[Opening Source data section]

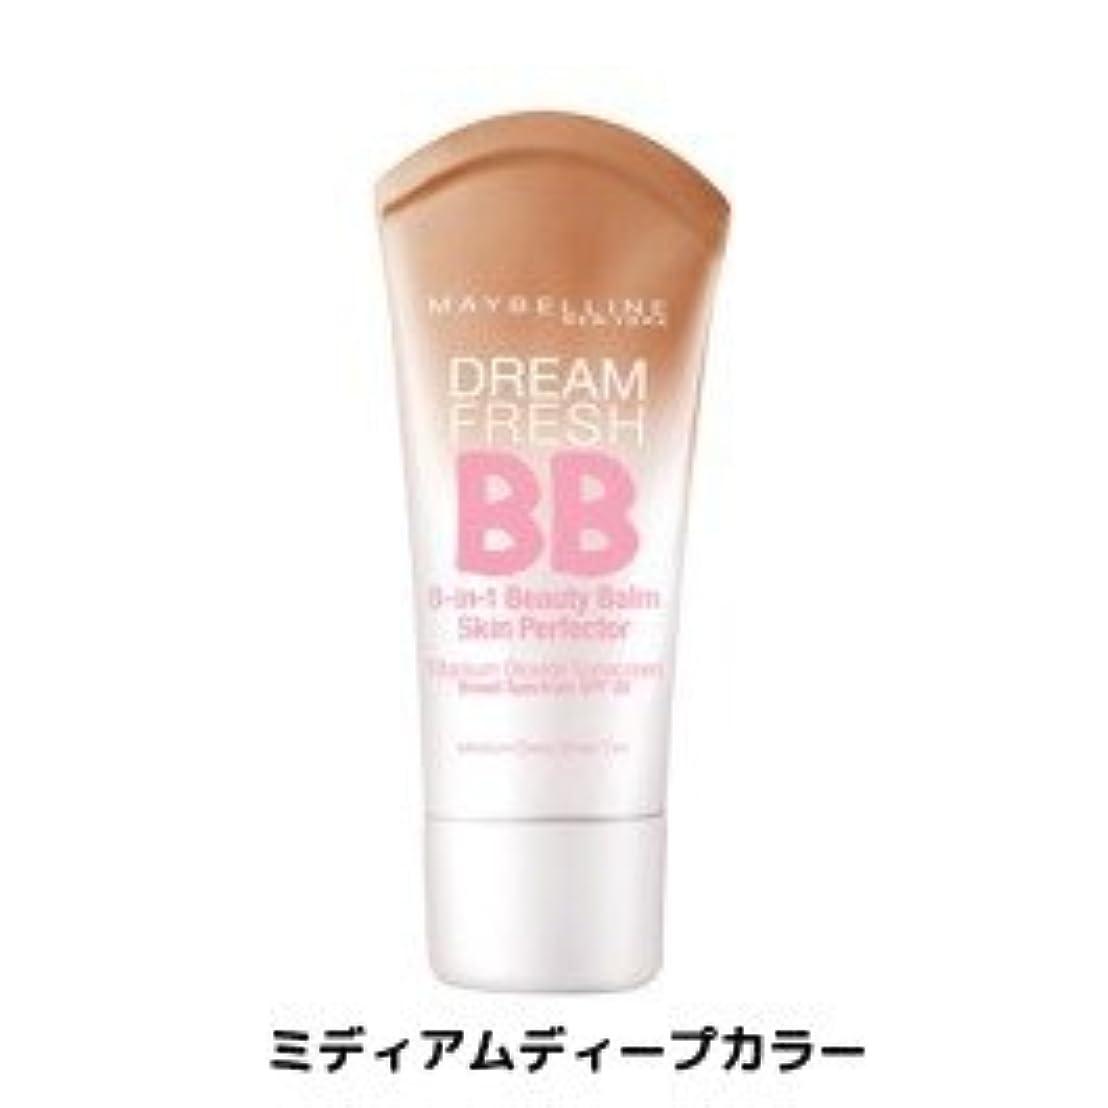 建築家クラッシュ業界メイベリン BBクリーム  SPF 30*Maybelline Dream Fresh BB Cream 30ml【平行輸入品】 (ミディアムディープカラー)
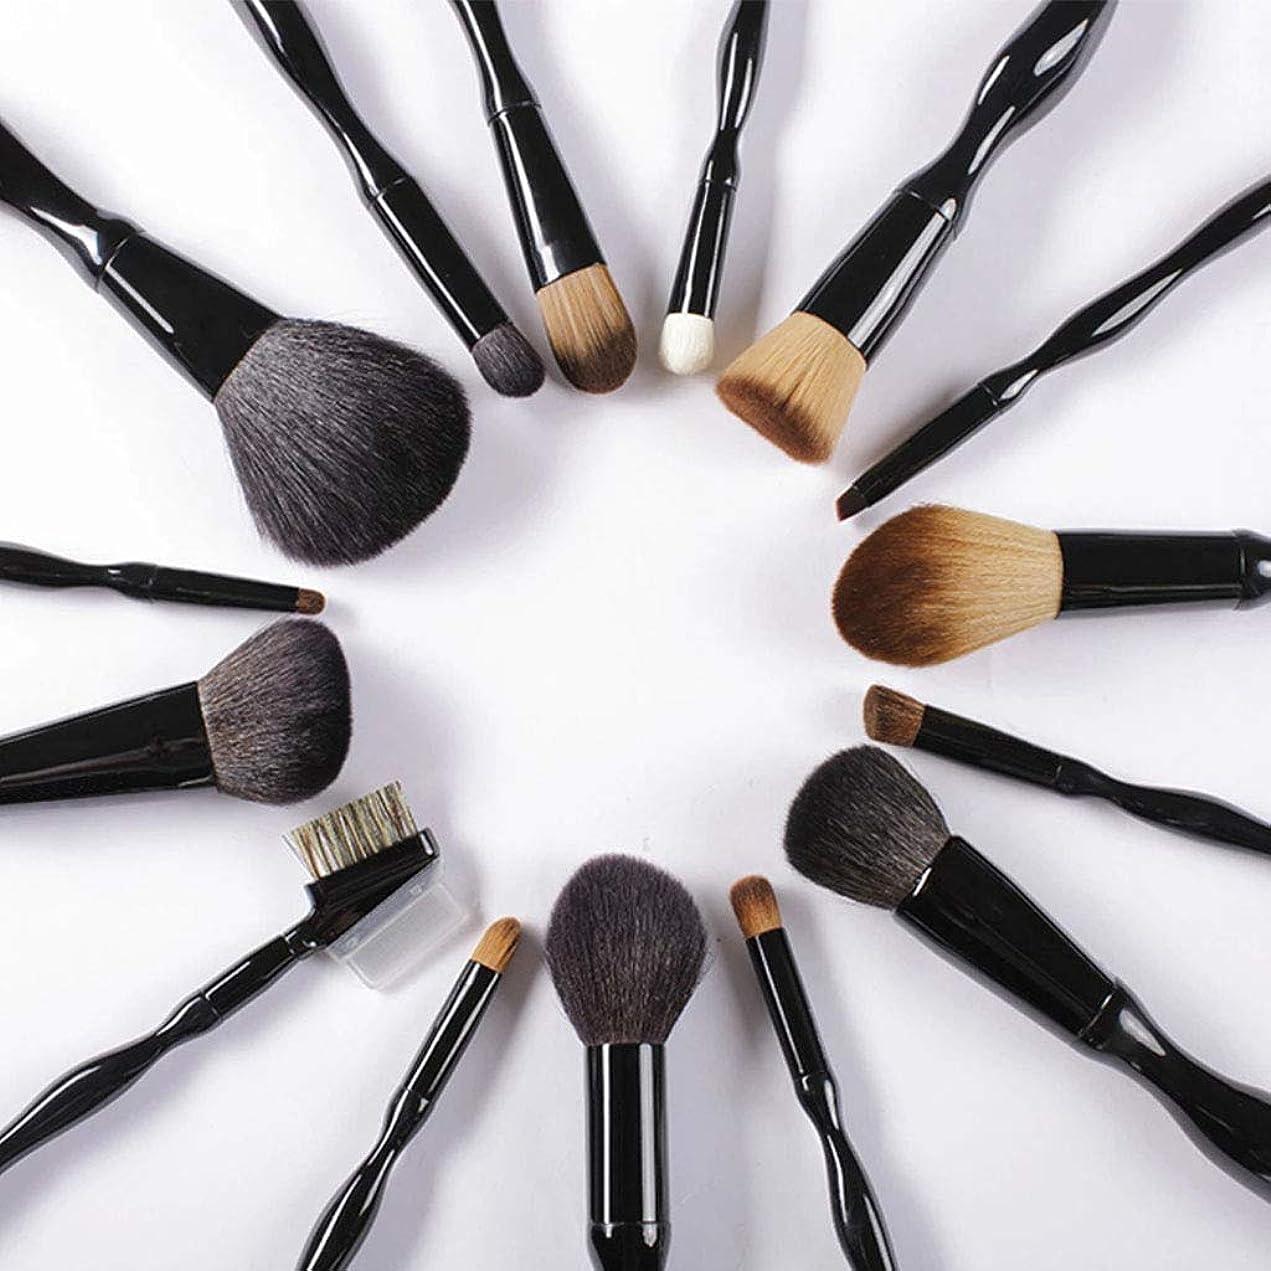 にはまって尽きる恵み15化粧ブラシボディカーブファンデーションブラシ化粧ブラシ美容ツール
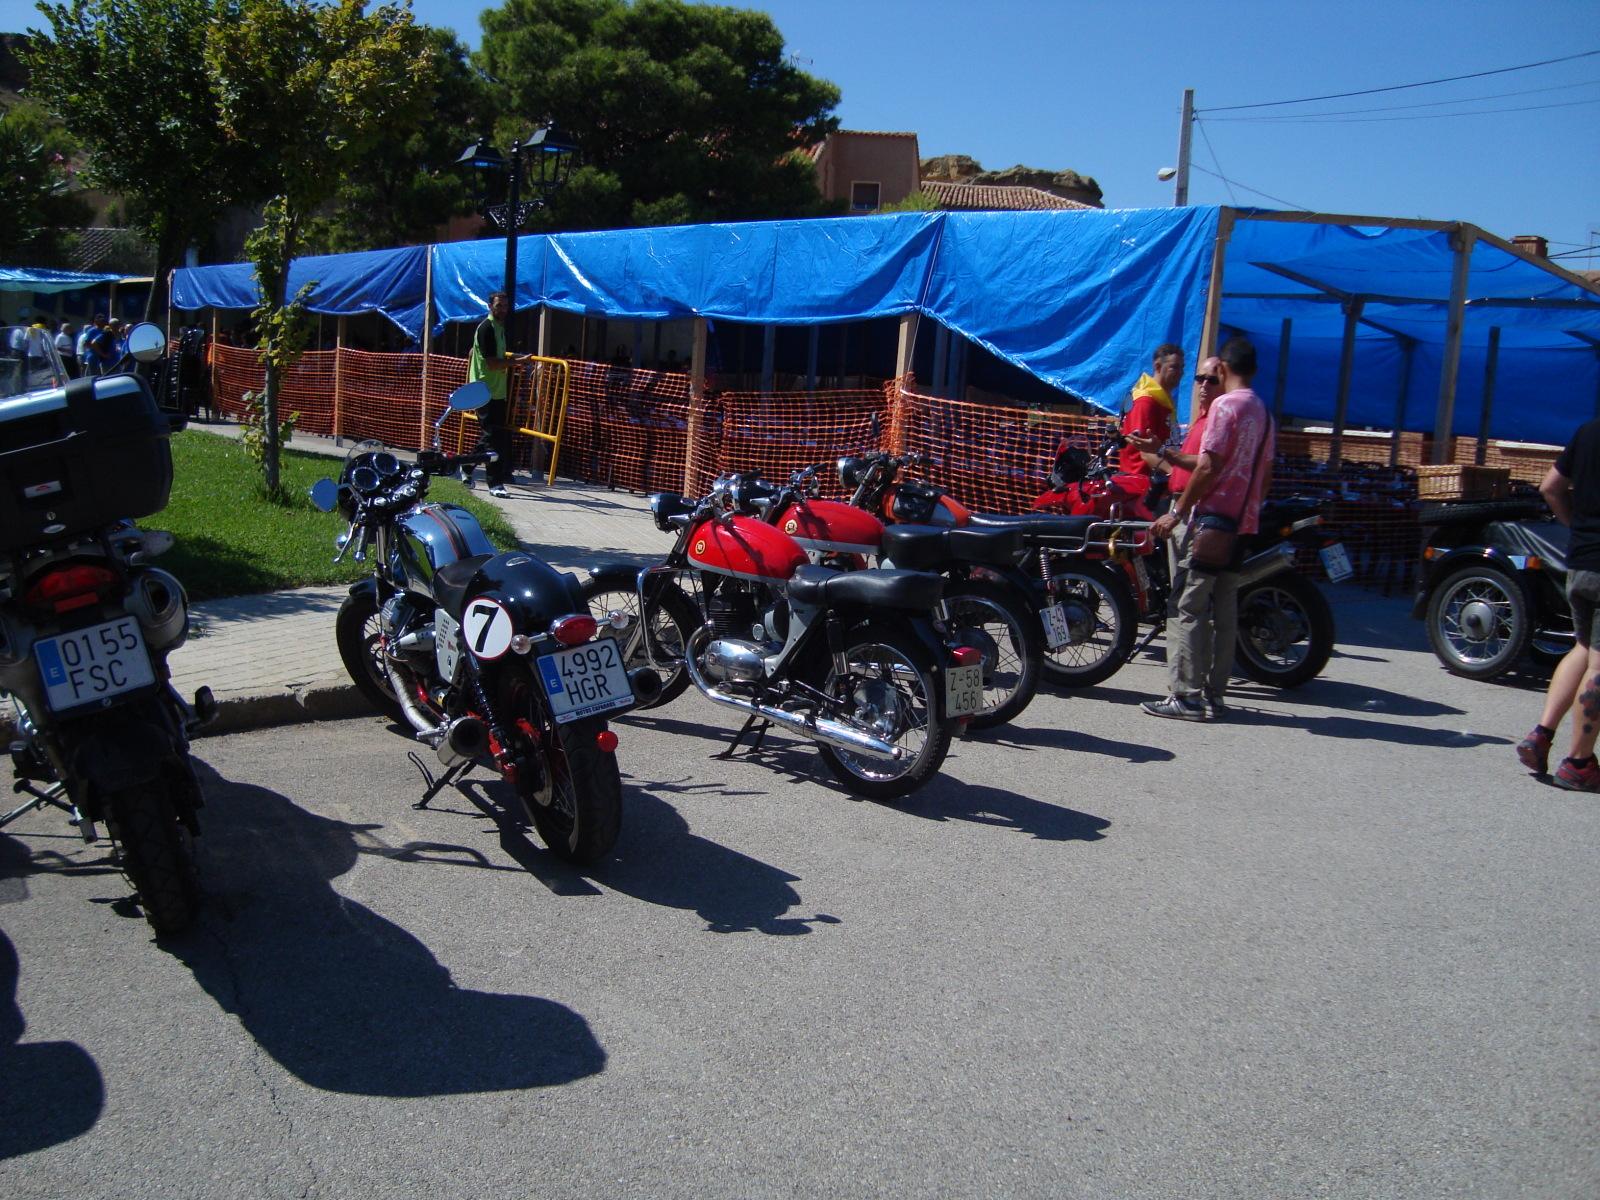 XI concentracion de motos antiguas en Alberuela de tubo (Huesca) Neg7eg

[Closing Source data section]

Task:
Retype the data above exactly, dropping every picture.

Result for this exercise:
 建築家クラッシュ業界メイベリン BBクリーム  SPF 30*Maybelline Dream Fresh BB Cream 30ml【平行輸入品】 (ミディアムディープカラー)
 にはまって尽きる恵み15化粧ブラシボディカーブファンデーションブラシ化粧ブラシ美容ツール
 XI concentracion de motos antiguas en Alberuela de tubo (Huesca) Neg7eg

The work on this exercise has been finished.